In my communities of mothers, I have heard this story time and time again: A mother heeds the advice of medical science and public health messaging and commits to breastfeeding. She receives little to no official antenatal preparation around this. When the time comes, there are many nasty surprises, chief among them being the reality of newborn feeding: it is constant as their tummies are very small. I remember sitting alone in a hospital room on the third day of my son’s life, exhausted and in pain, in the fourth hour of trying desperately to establish a latch. I remember screaming at terrified-looking nurses. I remember a decision to syringe-feed formula to soothe my fussy infant. It is a combination of my class privilege and sheer luck that those stop-start early hours didn’t affect our chances at exclusive breastfeeding. We don’t tell women the truth about early breastfeeding. We leave out the cracked, sore nipples, the aching back, the painful letdown, and the crushing insecurity and guilt. Breastfeeding is natural in that it occurs in nature, but let me tell you this: it is hard work. Furthermore, it is dependent on so many factors that are far outside of the control of a mother. Granted, this message doesn’t roll off the tongue. It’s not hashtag-worthy and might not fit on a poster. But it is true. It is fundamentally cruel to sell breastfeeding as this simple, uncomplicated monolithic tradition inherent to our species. I can imagine why a mother who is sold these goods might now struggle accepting any goods at all from public health messengers.

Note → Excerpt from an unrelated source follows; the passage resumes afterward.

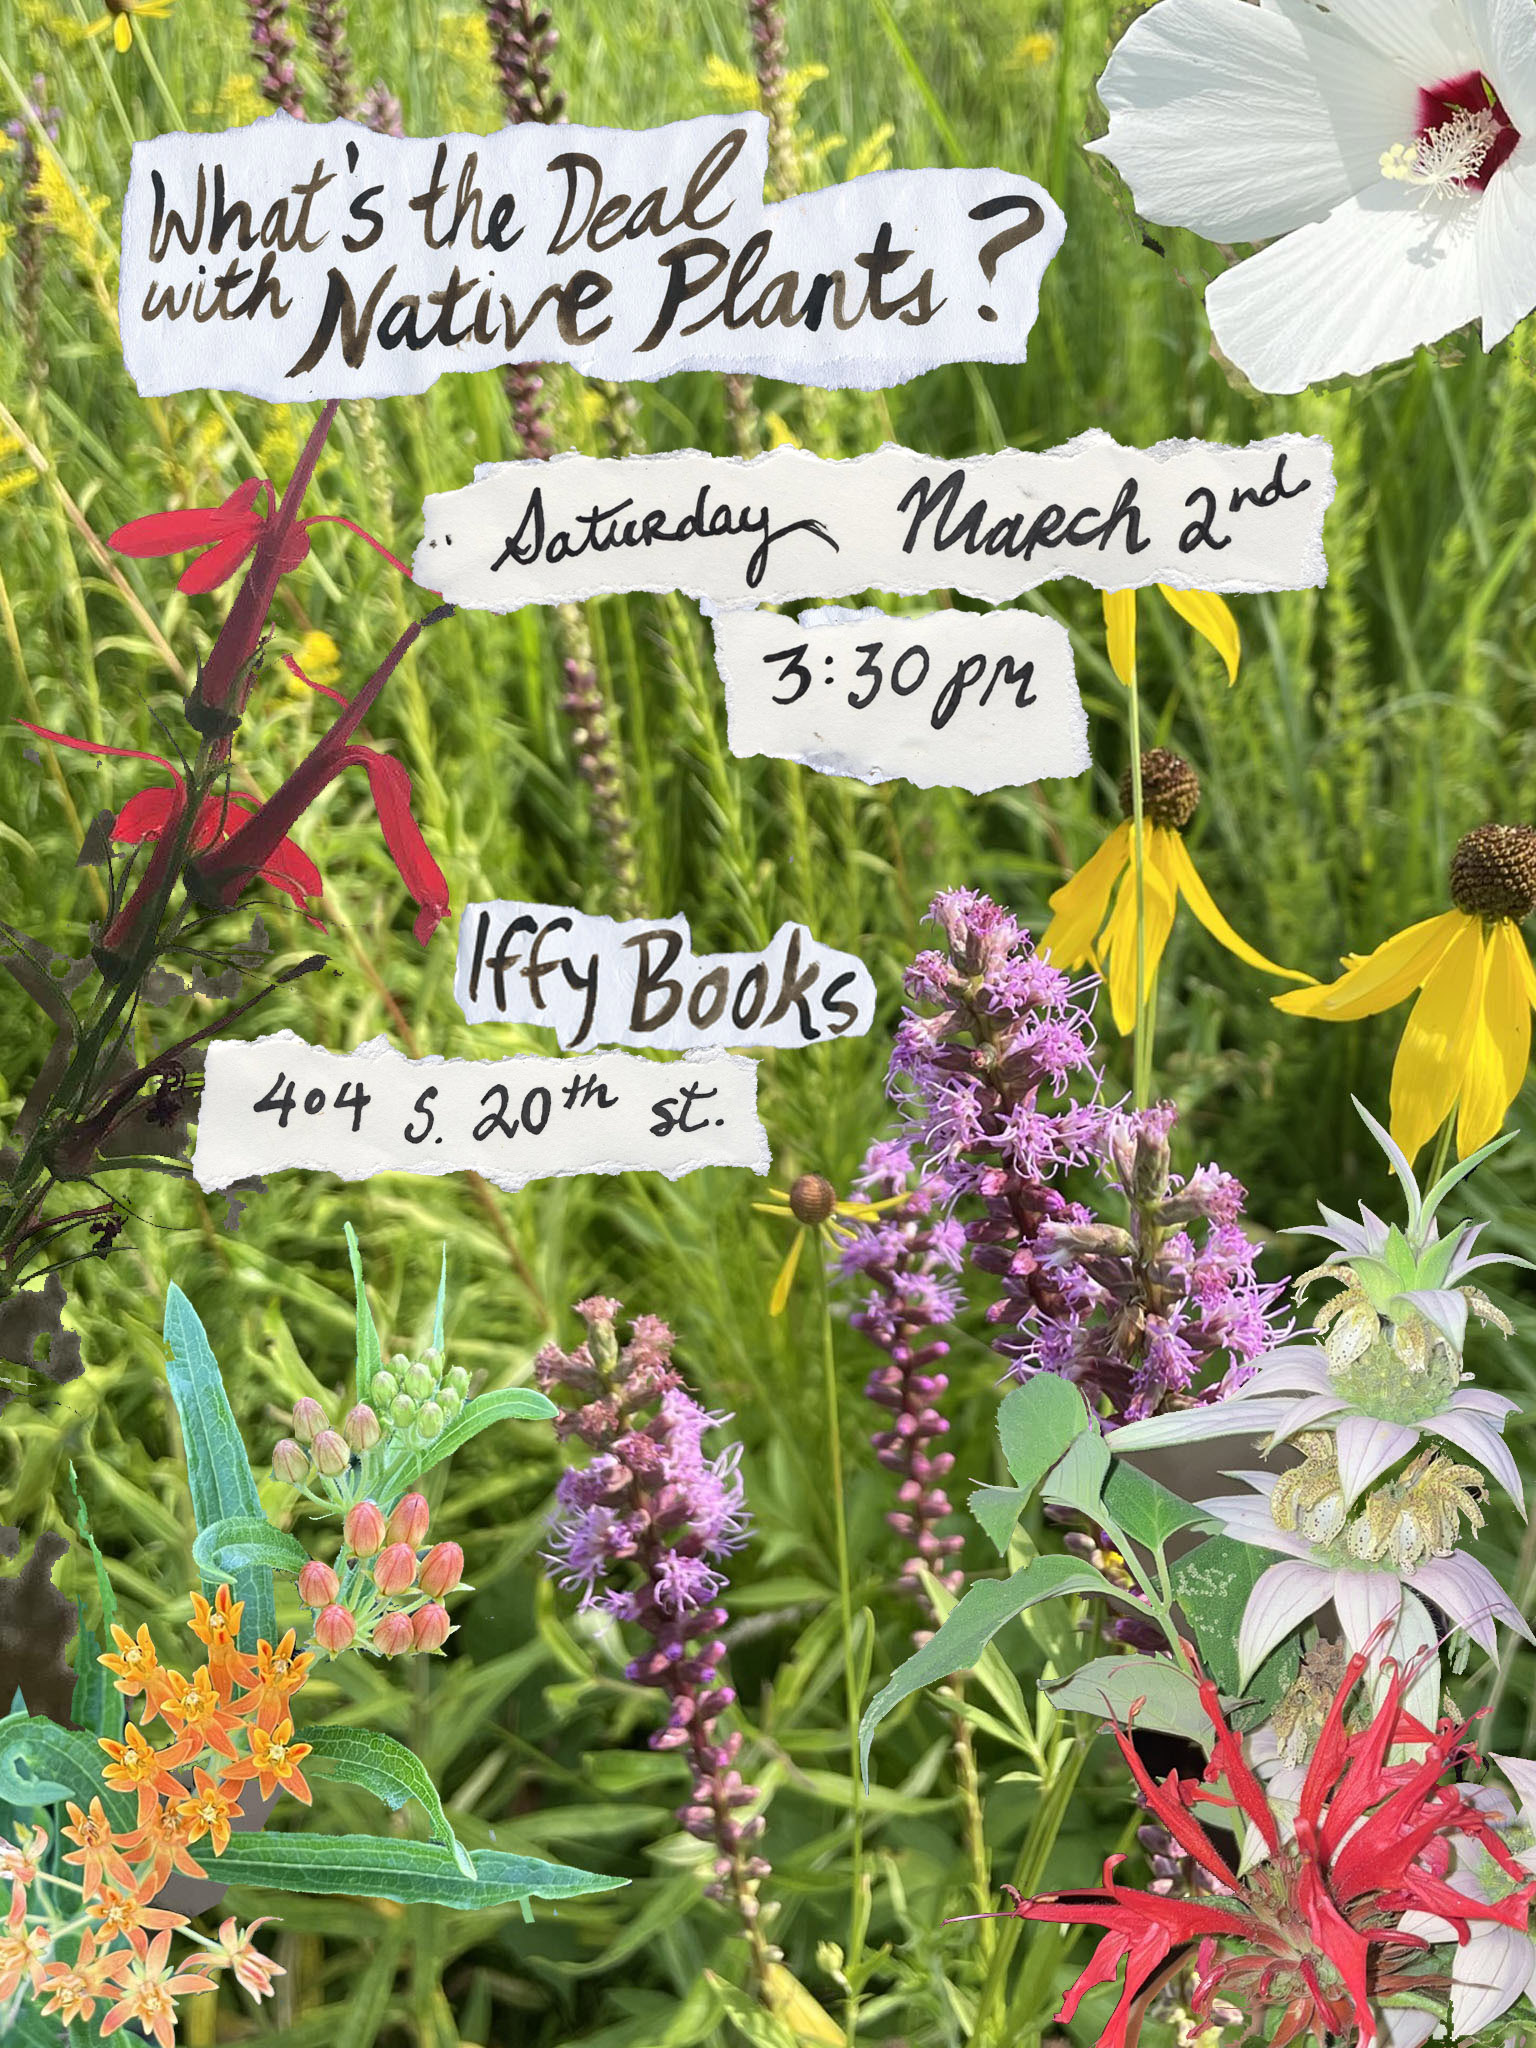 Flyer with a collage of native flowers and the following text handwritten using black walnut ink: What's the Deal with Native Plants? / Saturday, March 2nd / 3:30 pm / Iffy Books / 404 S. 20th St.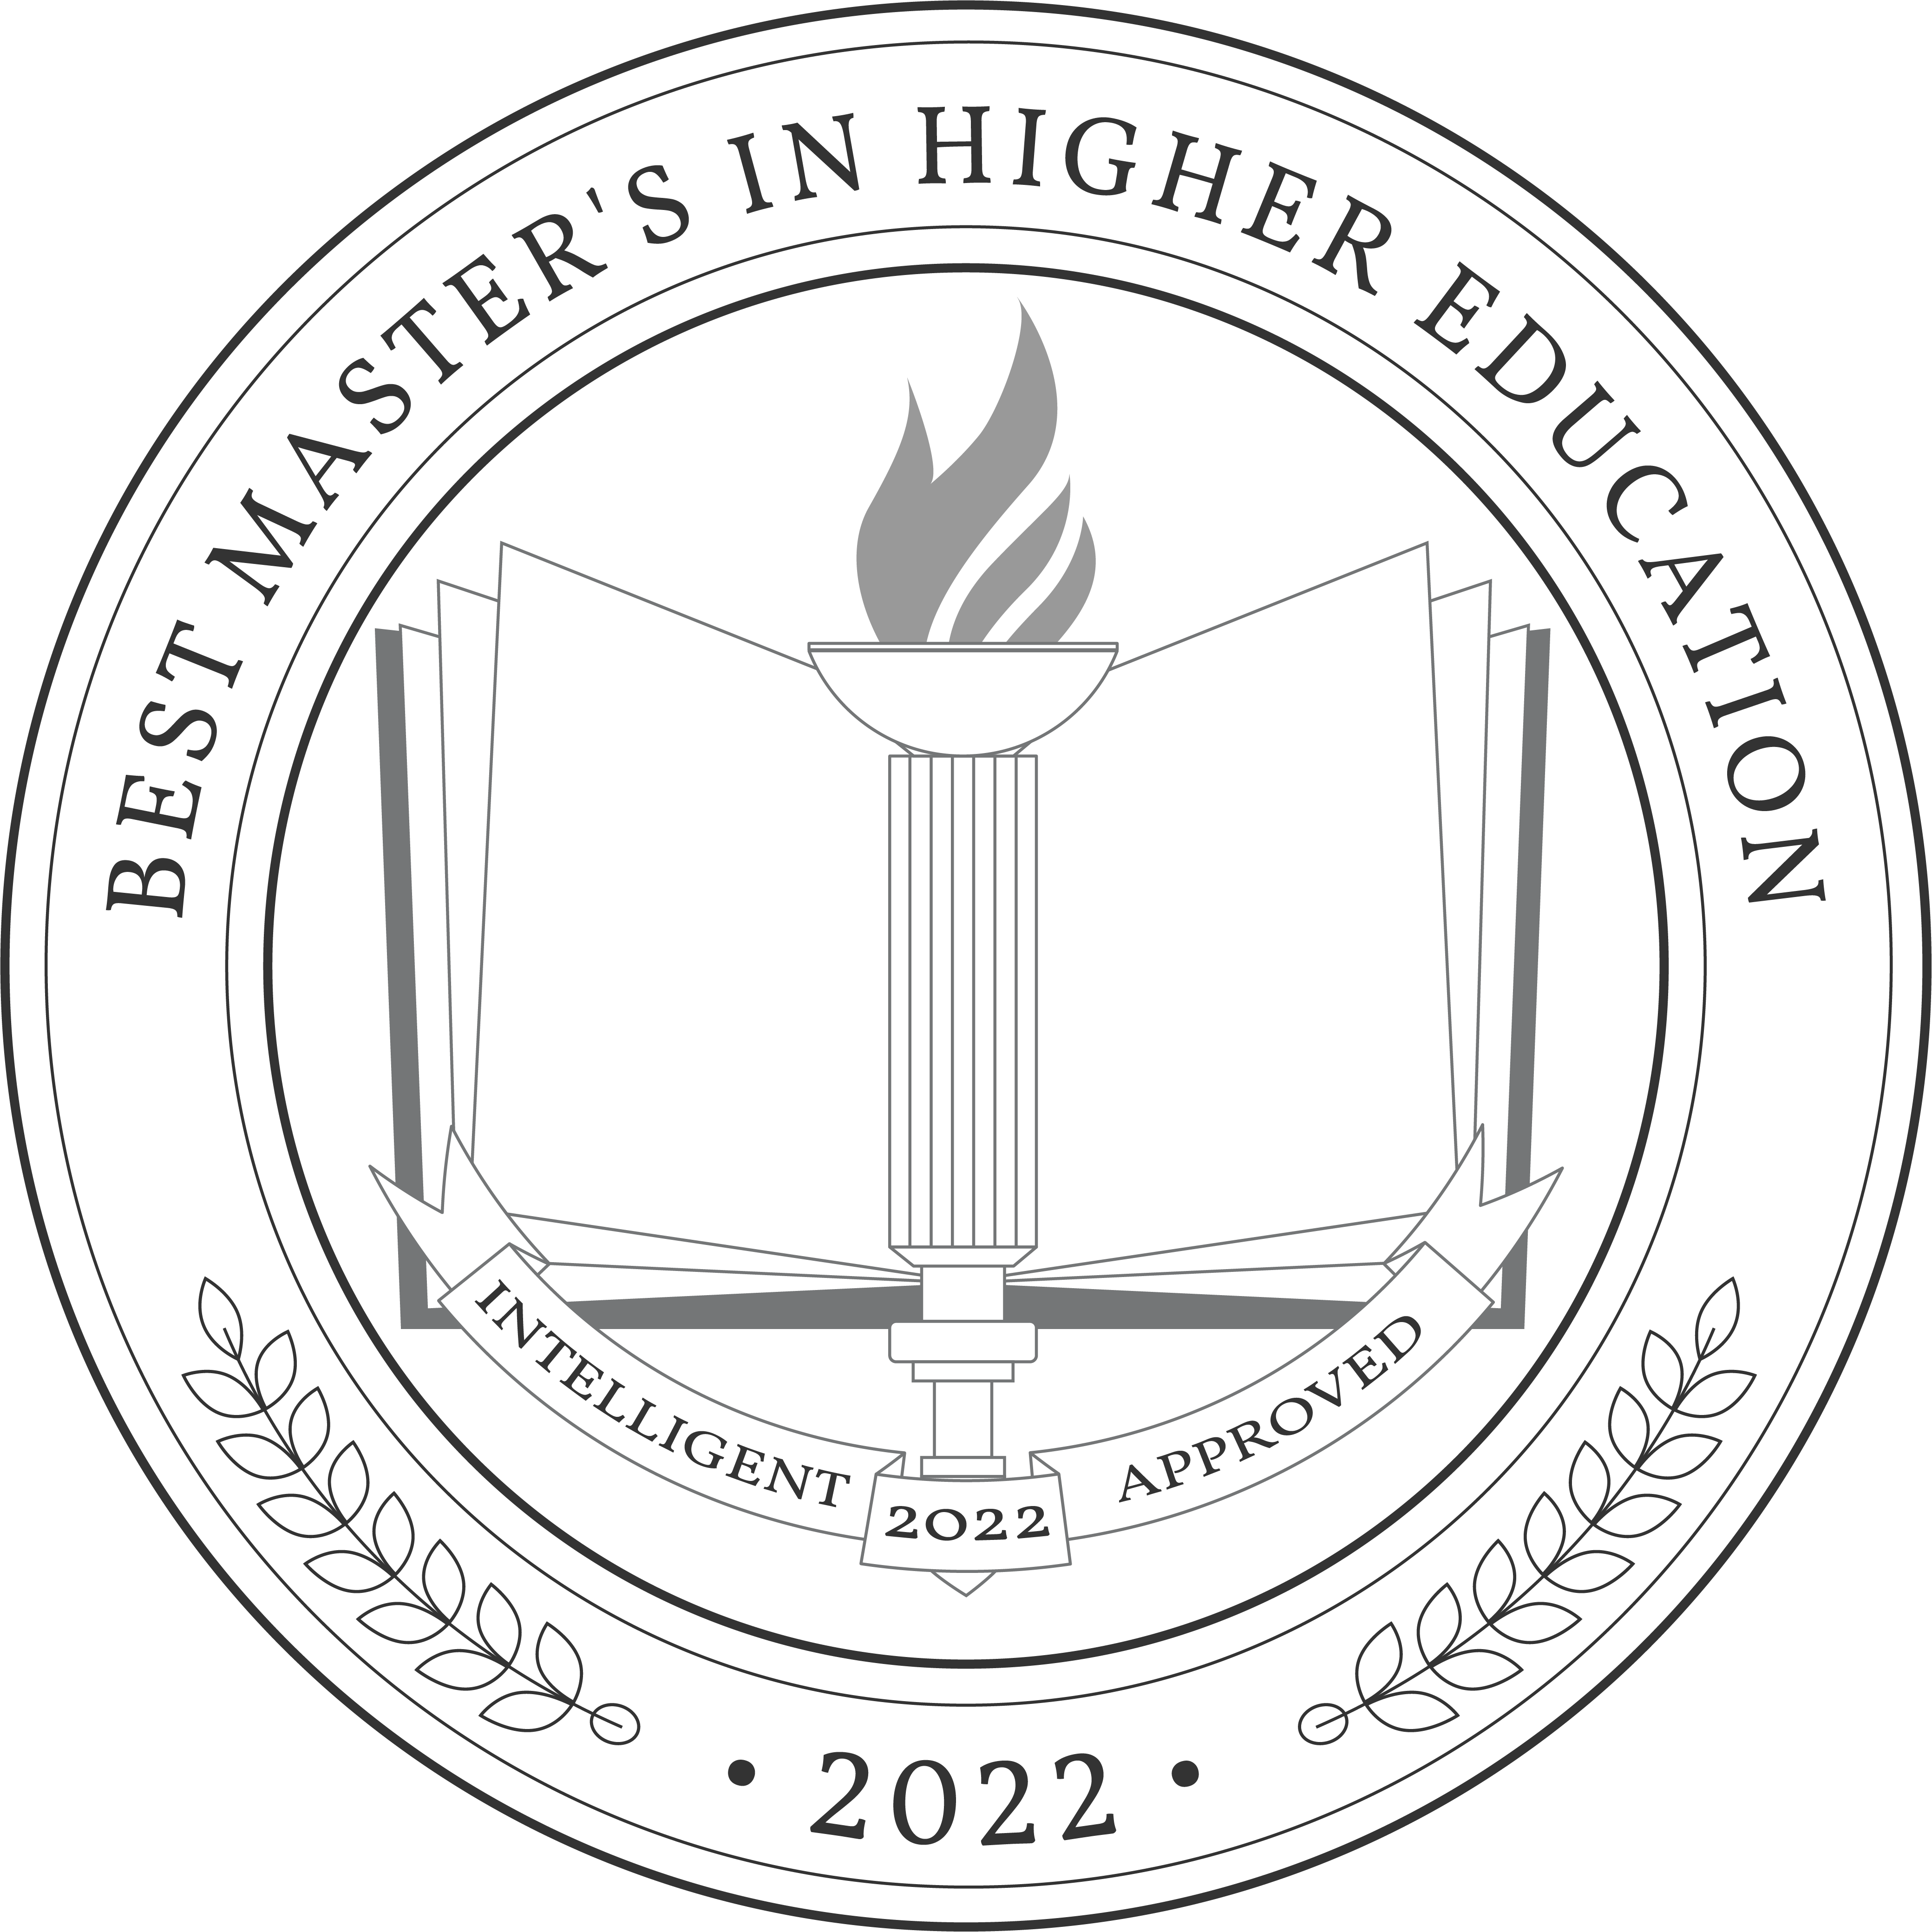 best-master_s-in-higher-education-badge.png

I am certainly not suggesting that there is an association between breastfeeding struggles and vaccine-hesitancy. Far from it: often, mothers who have struggled with breastfeeding and had to supplement with formula can live with contradictions. They have a healthy relationship with the nature of the truth as it relates to something as personal and individual as their and their child’s body. Science knows many things, but it does not know everything.
Ultimately, human beings (especially those who parent smaller human beings) are fine with this. That’s why we can accept the fact that breastmilk is the most superior source of nutrients for an infant, and that formula is an acceptable feeding option. We understand that life is lived in the grey, in the spaces between hard lines. Do scientists understand that? Do public health professionals understand that?
If they do, their messaging does not reflect this. The costs of these gaps in messaging are higher than ever. We are now seeing an attempt to introduce nuance and uncertainty into messaging that has never before acknowledged its existence. Unlike ever before, we are reliant on the human tolerance of uncertainty to help us reclaim a few of the old certainties.
I get it. I’m as angry as you probably are, Reader. I’m angry at the anti-vaxxers and I’m angry at the irresponsible conspiracy peddlers. I am angry at the so-called developed nations who have hogged the global supply of vaccines. But, what do you know? It has been a dark August, and I have anger to spare.
There are many lessons we can learn from this collective nightmare. I hope that one of them is how to talk respectfully and honestly to one another, and trust that we can process and even live with the unknown, just as long as we hold on to each other.